Section 134.1(j) of the regulations, provides that the "NAFTA Marking Rules" are the rules promulgated for purposes of determining whether a good is a good of a NAFTA country. Section 134.1(g) of the regulations, defines a "good of a NAFTA country" as an article for which the country of origin is Canada, Mexico or the United States as determined under the NAFTA Marking Rules. Section 134.45(a)(2) of the regulations, provides that a "good of a NAFTA country" may be marked with the name of the country of origin in English, French or Spanish.

You state that the imported travel sets are processed in a NAFTA country "Mexico" prior to being imported into the U.S. Since "Mexico" is defined under 19 CFR 134.1(g), as a NAFTA country, we must first apply the NAFTA Marking Rules in order to determine whether the imported travel set is a "good of a NAFTA country", and thus subject to the NAFTA marking requirements.

Part 102 of the regulations, sets forth the "NAFTA Marking Rules" for purposes of determining whether a good is a good of a NAFTA country for marking purposes. Section 102.11, Customs Regulations, sets forth the required hierarchy for determining whether a good is a good of a NAFTA country for marking purposes. This section states that the country of origin of a good is the country in which (1) the good is wholly obtained or produced; (2) the good is produced exclusively from domestic materials; or (3) each foreign material incorporated in that good undergoes an applicable change in tariff classification as set forth in section 102.20 and satisfies any other applicable requirements of that section. In this case the change in tariff classification must be made in accordance with section 102.20(s), Section XX: Chapters 94 through 96, heading 9604-9605 which requires “A change to heading 9604 through 9605 from any other heading, including another heading within that group.”

Applying the NAFTA Marking Rules set forth in Part 102 of the regulations to the facts of this case, we find that the imported travel set is a good of Mexico for marking purposes.

This ruling is being issued under the provisions of Part 181 of the Customs Regulations (19 C.F.R. 181).

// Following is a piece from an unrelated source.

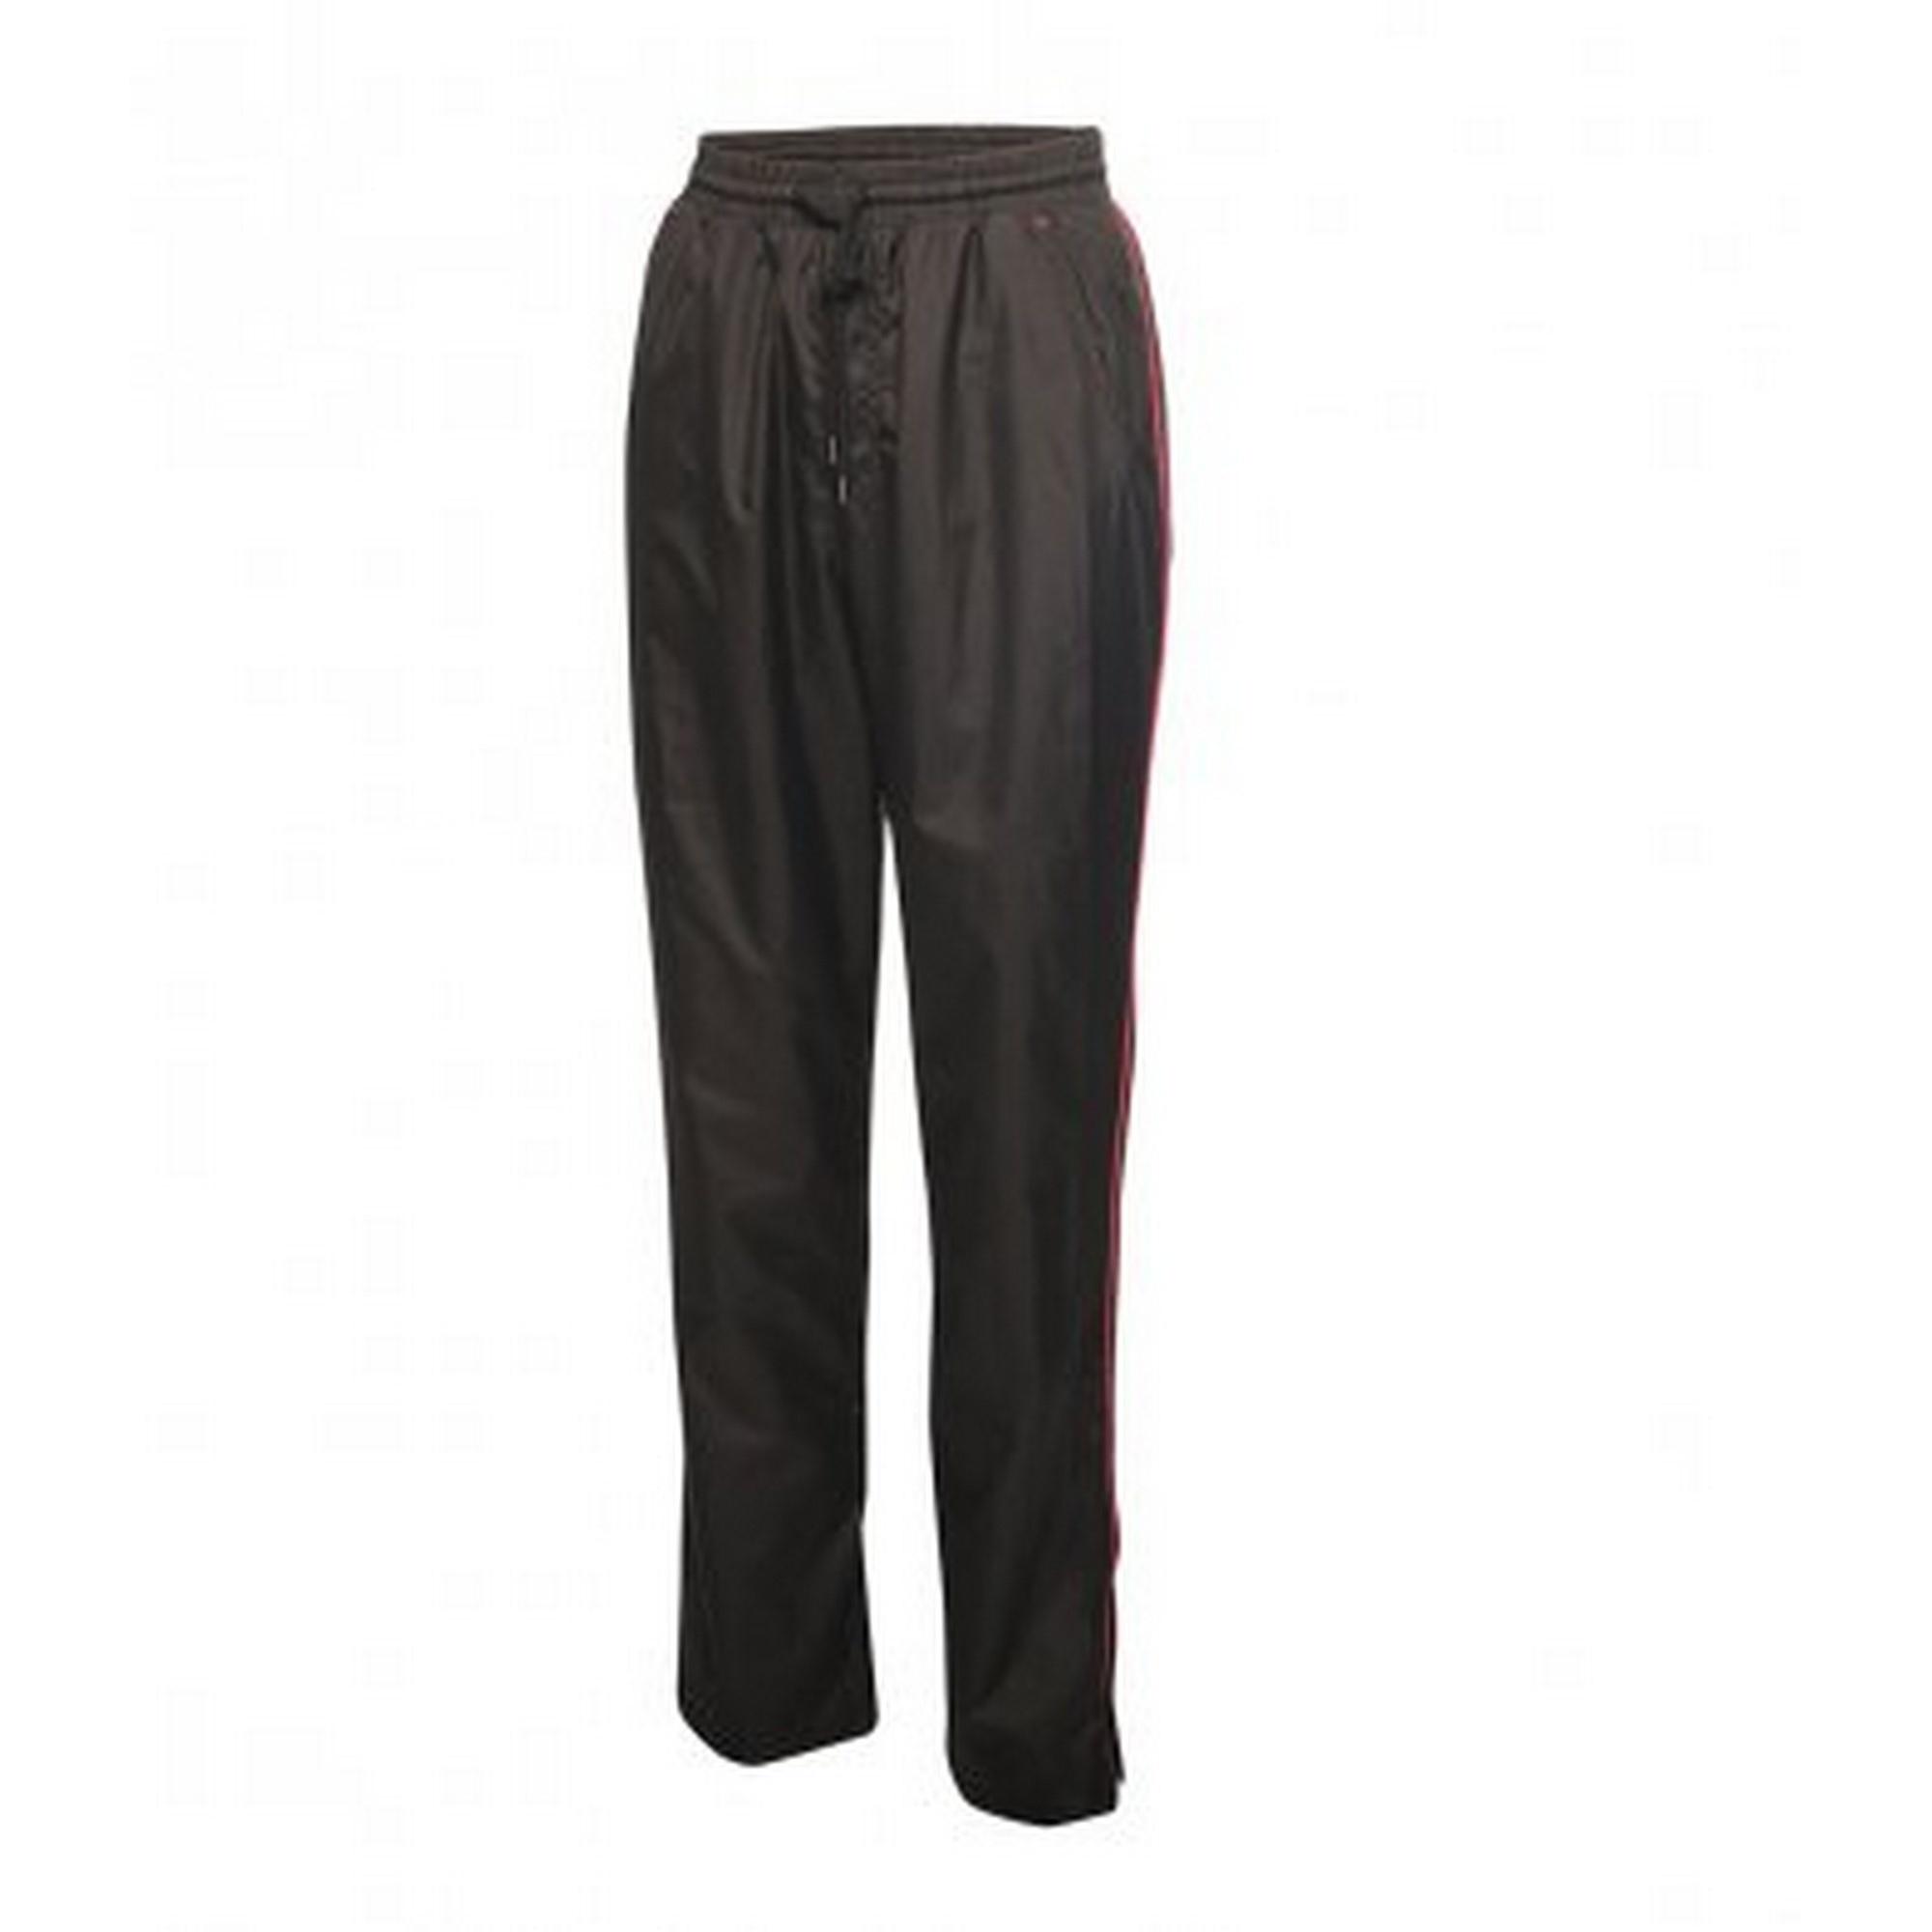 Regatta-Activewear-Womens-Ladies-Athens-Contrast-Tracksuit-Pants-PC3122

A copy of the ruling or the control number indicated above should be provided with the entry documents filed at the time this merchandise is imported. If you have any questions regarding the ruling, contact National Import Specialist Lawrence Mushinske at 212-637-7061.

Should you wish to request an administrative review of this ruling, submit a copy of this ruling and all relevant facts and arguments within 30 days of the date of this letter, to the Director, Commercial Rulings Division, Headquarters, U.S. Customs Service, 1300 Pennsylvania Ave. N.W., Washington, D.C. 20229.